* Dataset items
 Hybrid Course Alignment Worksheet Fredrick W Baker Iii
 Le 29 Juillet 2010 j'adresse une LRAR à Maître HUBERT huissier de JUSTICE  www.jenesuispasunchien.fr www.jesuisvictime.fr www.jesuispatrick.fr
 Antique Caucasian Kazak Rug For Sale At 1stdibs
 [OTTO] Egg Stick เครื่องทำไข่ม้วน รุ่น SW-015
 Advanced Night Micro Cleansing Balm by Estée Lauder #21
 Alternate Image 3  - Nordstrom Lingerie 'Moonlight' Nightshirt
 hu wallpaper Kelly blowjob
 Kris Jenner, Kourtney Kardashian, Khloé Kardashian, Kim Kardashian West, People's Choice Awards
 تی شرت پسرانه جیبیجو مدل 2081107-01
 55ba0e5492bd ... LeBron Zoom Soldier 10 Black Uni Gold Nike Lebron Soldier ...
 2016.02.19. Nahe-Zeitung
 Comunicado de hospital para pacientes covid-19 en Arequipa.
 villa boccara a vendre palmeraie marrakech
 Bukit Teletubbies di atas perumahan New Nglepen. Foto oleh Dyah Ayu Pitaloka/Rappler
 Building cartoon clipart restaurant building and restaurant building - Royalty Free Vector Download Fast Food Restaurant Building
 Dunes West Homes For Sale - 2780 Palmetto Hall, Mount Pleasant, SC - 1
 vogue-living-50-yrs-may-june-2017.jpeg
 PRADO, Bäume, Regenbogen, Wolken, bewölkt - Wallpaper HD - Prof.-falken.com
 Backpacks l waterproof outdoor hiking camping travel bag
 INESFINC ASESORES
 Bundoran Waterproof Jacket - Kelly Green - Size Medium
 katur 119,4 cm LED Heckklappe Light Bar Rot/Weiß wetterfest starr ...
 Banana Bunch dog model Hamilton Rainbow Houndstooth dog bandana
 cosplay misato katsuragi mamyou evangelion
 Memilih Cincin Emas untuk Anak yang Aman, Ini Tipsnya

* Your instructions
Only the lines above starting at the one containing "[OTTO] Egg Stick" and ending at the one containing "hu wallpaper Kelly blowjob", both included, are to be returned, exactly as they read.

* Solution below
 [OTTO] Egg Stick เครื่องทำไข่ม้วน รุ่น SW-015
 Advanced Night Micro Cleansing Balm by Estée Lauder #21
 Alternate Image 3  - Nordstrom Lingerie 'Moonlight' Nightshirt
 hu wallpaper Kelly blowjob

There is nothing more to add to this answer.